Kedatangan Andre dan Zahra di sambut hangat oleh Agus dan juga Ayu. Bahkan Agus dan Ayu sudah menunggu kedatangan mereka sejak sejam yang lalu.
"Assalamualaikum, Ma, Pa," sapa Zahra sambil mencium tangan mertuanya.
"Waalaikumsalam, sayang," jawab Agus dan Ayu bersamaan
Andre pun juga mencium punggung tangan mereka seperti apa yang di lakukan oleh Zahra.
"Ini, Ma. Maaf ya aku cuma bawa ini," ujar Zahra tanpa memanggil dirinya "Neng" lagi. Ia memberikan kue yang ia beli saat dalam perjalanan ke rumah mertuanya.
"Makasih ya sayang, seharusnya kamu gak perlu repot-repot bawa ini. Kamu datang aja, mama sudah seneng banget," ucap Mama tersenyum. Namun dalam senyuman itu, ia merasa ada yang aneh. Ia merasa ada yang berbeda dari menantunya itu, bukan hanya dirinya aja, tapi Agus pun merasa ada sesuatu yang berubah dari Zahra.
"Oh ya ayo duduk, nanti capek loh berdiri terus.
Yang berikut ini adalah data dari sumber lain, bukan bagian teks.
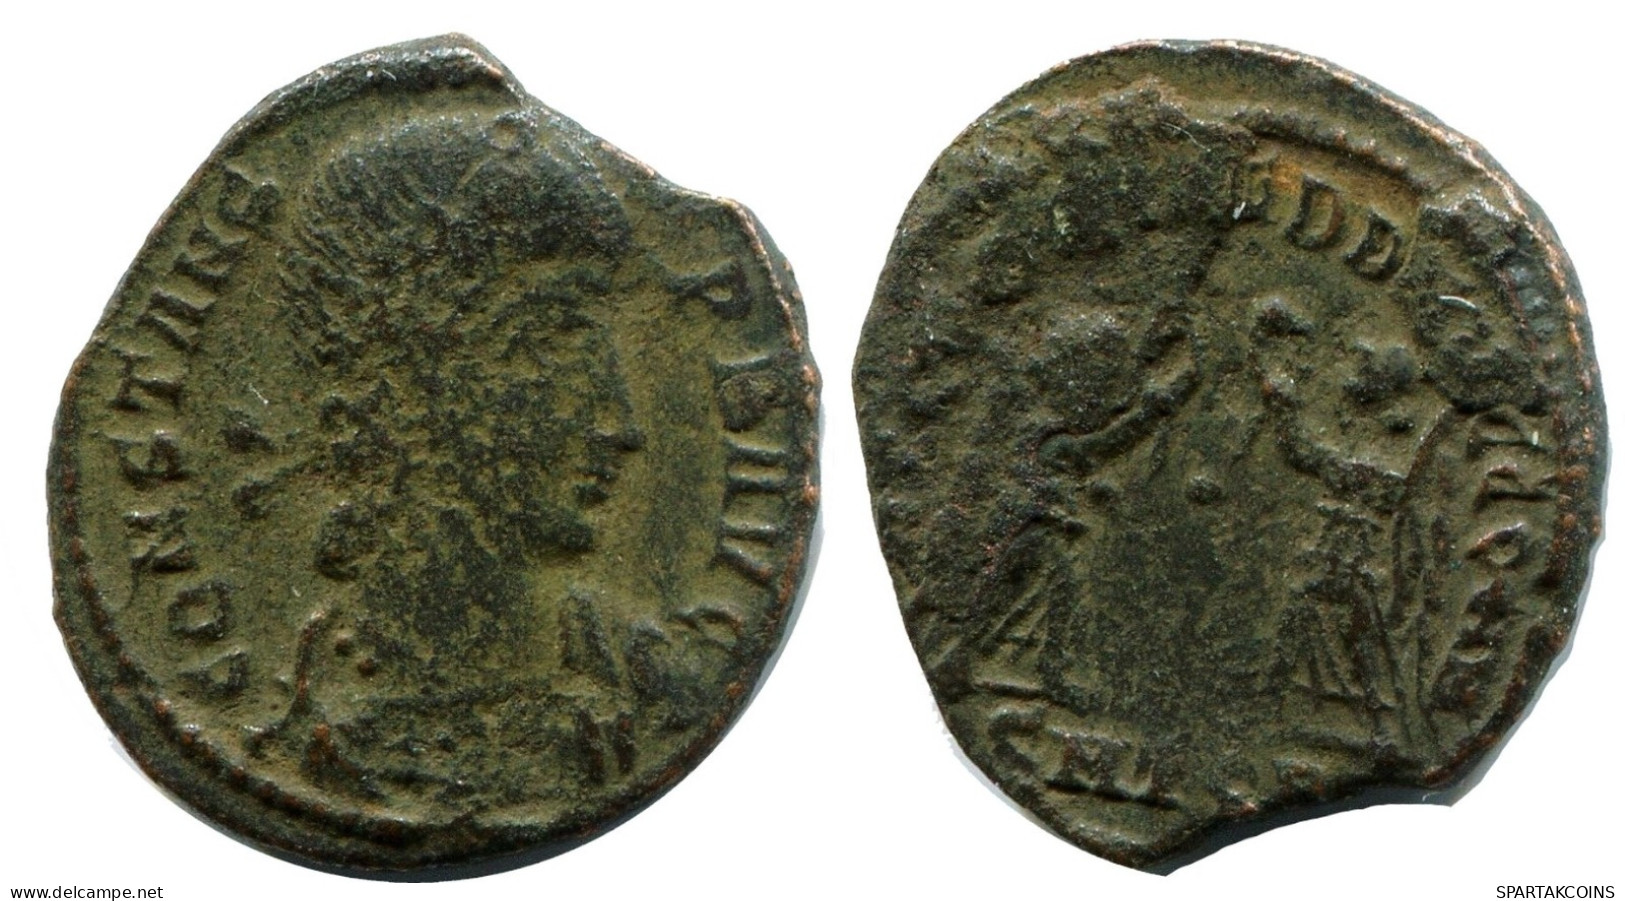 CONSTANS MINTED IN THESSALONICA FOUND IN IHNASYAH HOARD EGYPT #ANC11874.14.D.A - The Christian Empire (307 AD To 363 AD)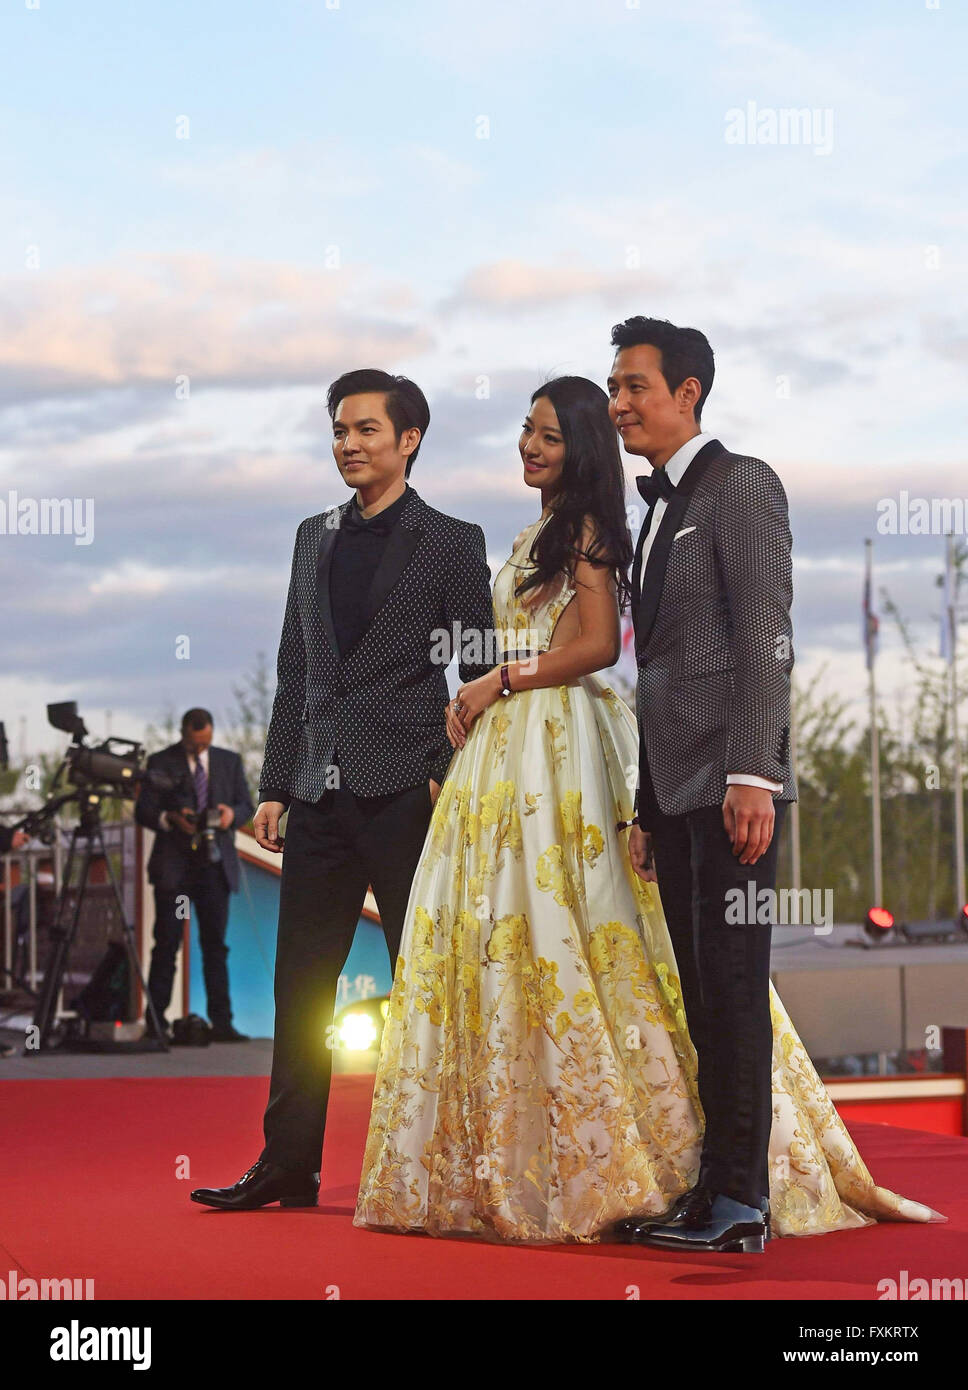 Beijing, China. 16th Apr, 2016. Actor Wallace Chung, actress Lang Yueting and actor Lee Jung Jae (from L to R) attend a red carpet event during the opening ceremony of the 6th Beijing International Film Festival (BJIFF) in Beijing, capital of China, April 16, 2016. The BJIFF kicked off Saturday and will last until April 23. Credit:  Jin Liangkuai/Xinhua/Alamy Live News Stock Photo

Mama mau naruh kue ini dulu ya ke dalam sambil ambil minum,"
"Gak usah repot-repot, Ma," ucap Zahra tak enak hati.
"Gak repot kok. Lagian juga kan minumannya sudah ada, mama udah buat sebelum kalian datang. Jadi tinggal ambil aja. Pa, bisa bantu mama," ujar Ayu ke sang suami.
"Iya, Ma." Suaminya yang terlalu peka seakan tau, ada hal yang mau di omongin.
"Nak, papa ke dalam dulu ya sayang," ujar Agus ke sang menantu.
"Iya, Pa."
Lalu Agus pun masuk ke dalam bersama Ayu. Sedangkan di ruang tamu ada Andre dan Zahra yang duduk diam manis, tak ada yang mereka obrolin. Andre sibuk dengan hp nya sedangkan Zahra hanya melihat ruang tamu di rumah mertuanya yang cukup mewah.
Sedangkan di dapur, setelah menaruh kue itu di atas meja. Ayu dan Agus pun ngobrol berdua.
"Pa, papa merasa ada yang beda gak sama Zahra?" tanya Ayu.
"Iya, Ma. Tapi apa ya?" tanya balik Agus.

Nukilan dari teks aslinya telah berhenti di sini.